Are You Seeking Workers Compensation?

If you are injured at work, it can pose serious repercussions to your livelihood. Knowing that the law provides you with certain rights is key when filing for Workers Compensation benefits. At times, these rights are disregarded by employers and insurance companies, which means that you may not receive the full outcome of what you deserve.

The rights that you may be entitled to are:

  • Workers Compensation wage benefits while you are disabled
  • Medical benefits to pay for treatment
  • Travel reimbursement associated with medical treatment
  • Vocational rehabilitation if you are unable to return to your job
  • Supplemental Earnings Benefits (SEB) if you are unable to earn 90% of your pre-injury average monthly earnings
  • Monetary penalties if your benefits are not paid in accordance with the law

Wage benefits compensate you for a portion of your income loss during the time that you are unable to work due to your injury. The benefits are 66% of your average weekly wage for four full weeks immediately preceding your accident and is subject to a statuary cap.

Medical benefits are provided for all treatments medically necessary and related to the job injury. At the insurance company’s expense, you have the right to be treated by a doctor of your choice. You should continue to receive medical care until you have reached maximum medical improvement.

Travel reimbursement is compensation for travel to and from medical appointments related to your injury that you are paid back for.
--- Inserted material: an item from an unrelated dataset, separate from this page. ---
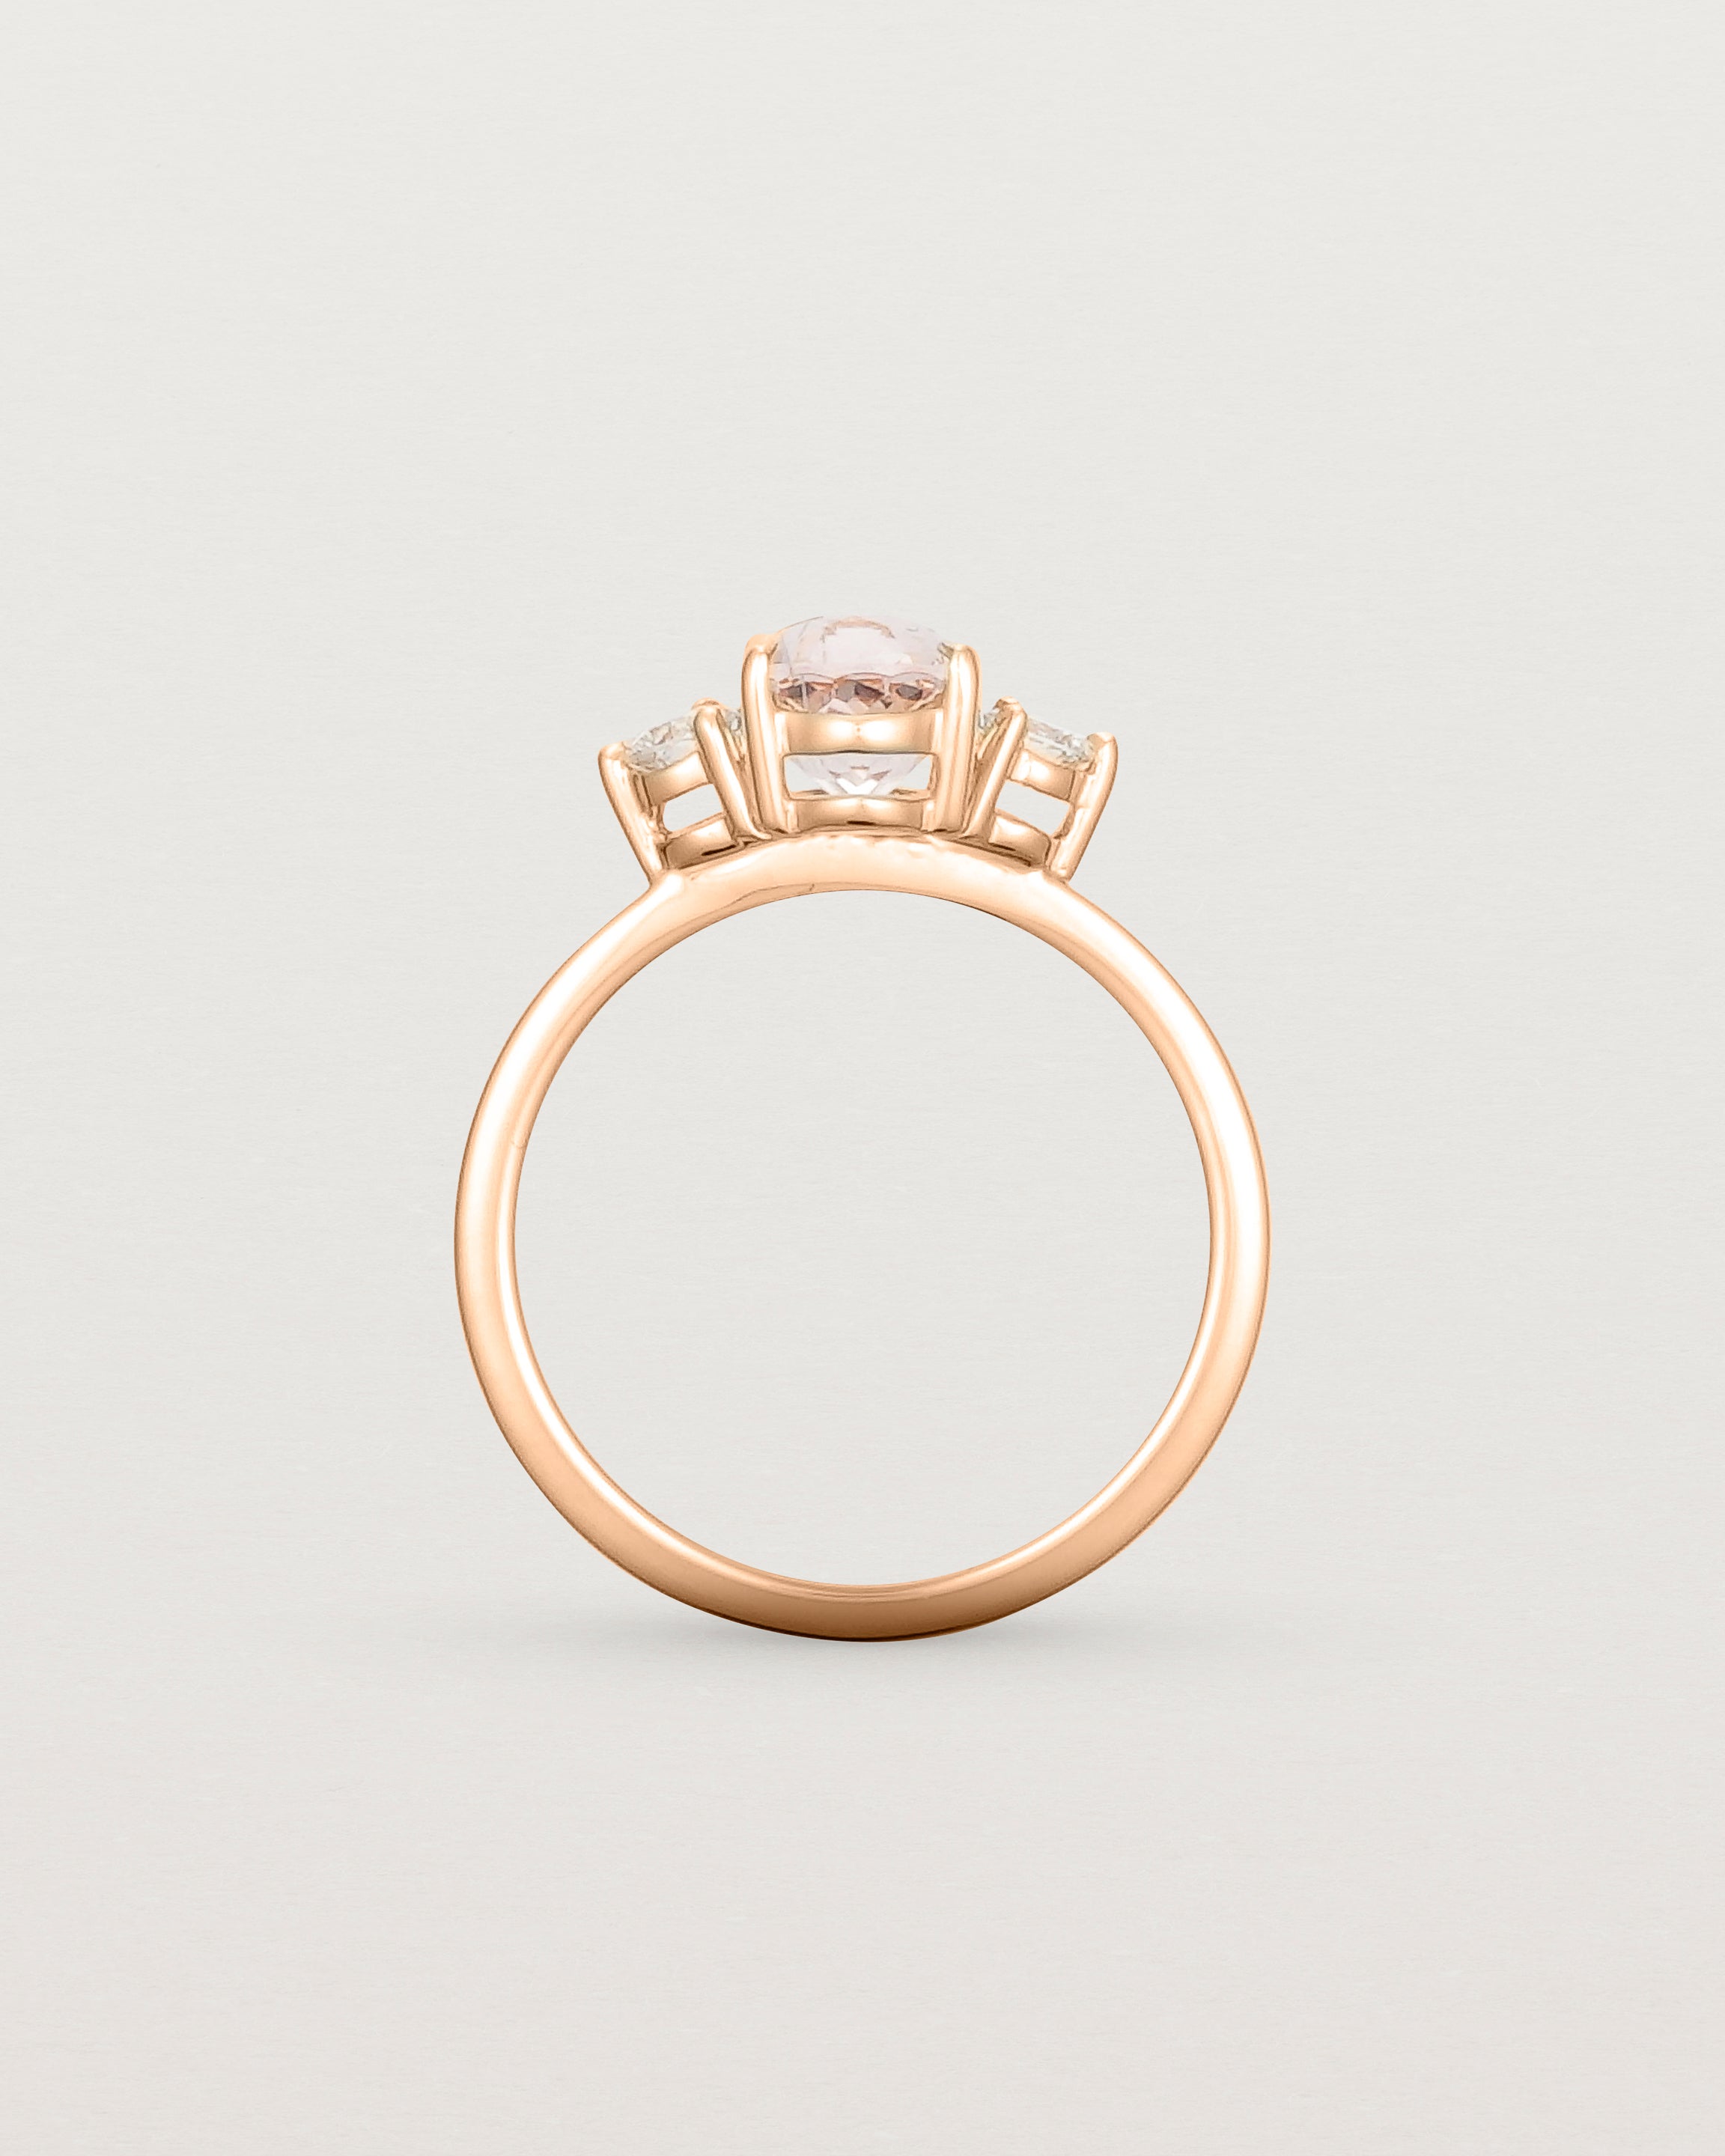 Standing view of the Una Oval Trio Ring | Morganite & Diamonds | Rose Gold.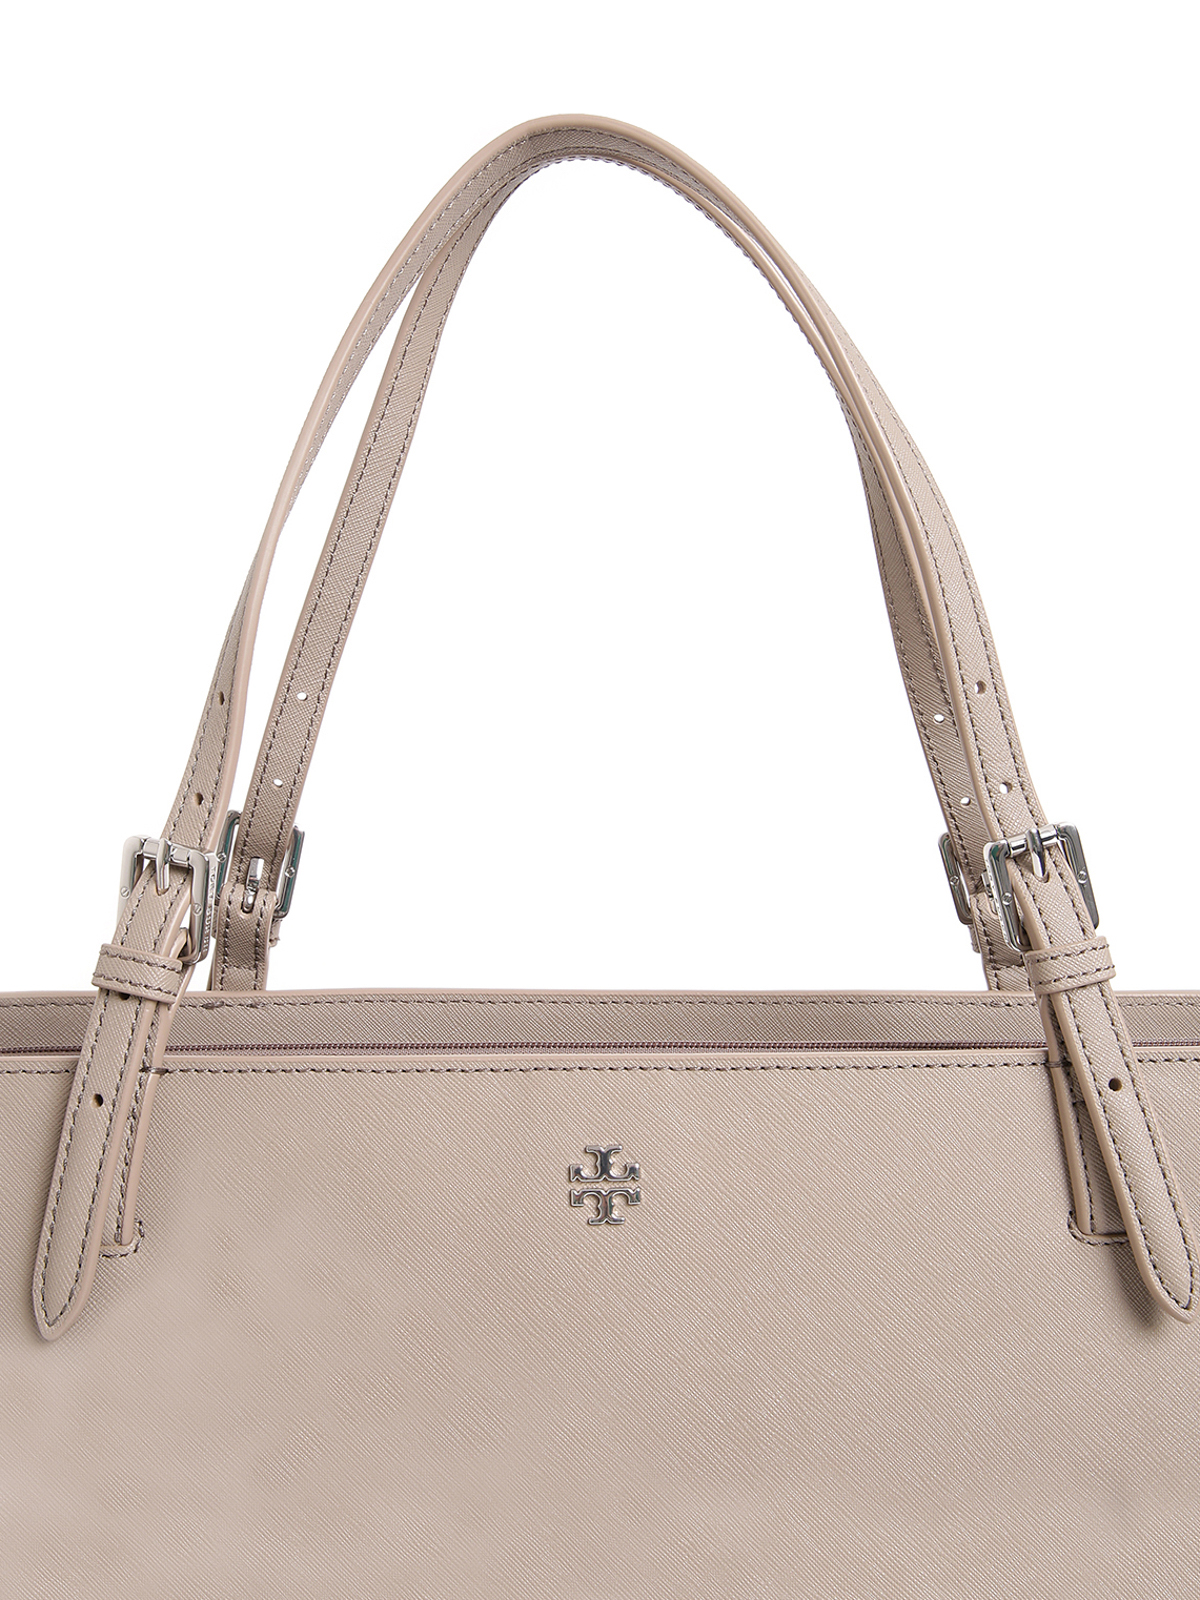 Tory+Burch+Small+York+Saffiano+Leather+Buckle+Tote+Black for sale online

You should accurately document each visit and include the date, where you went and for what, milage and any other legitimate costs you incur while traveling for medical attention.

Supplemental Earnings Benefits (SEB) is available if you are not able to earn 90% of your pre-injury monthly earnings. SEB will pay 2/3 of the difference between your pre-injury and post injury average monthly earnings, up to your statutory cap. This will help compensate for some of your monthly earnings that were lost due to the injury, even after you return to work.

Vocational Rehabilitation is paid for by the insurance company, and is a service provided to assist you in finding another job if you cannot return to your pre-injury employer. You should be able to get the most our of their services, but often the rehab counselors are trying to help the insurance company reduce or cut off your benefits. Even if you are working with a vocational counselor, you should keep your own record of job searching activities. This will help you keep track and be prepared to dispute the vocational counselor regarding whether jobs they identified were actually available.

If you are treated unjustly or denied benefits from your employer or the insurance company you may be able to recover monetary penalties against the insurance company or employer. It is possible that the insurance company may have to pay for your attorney fee.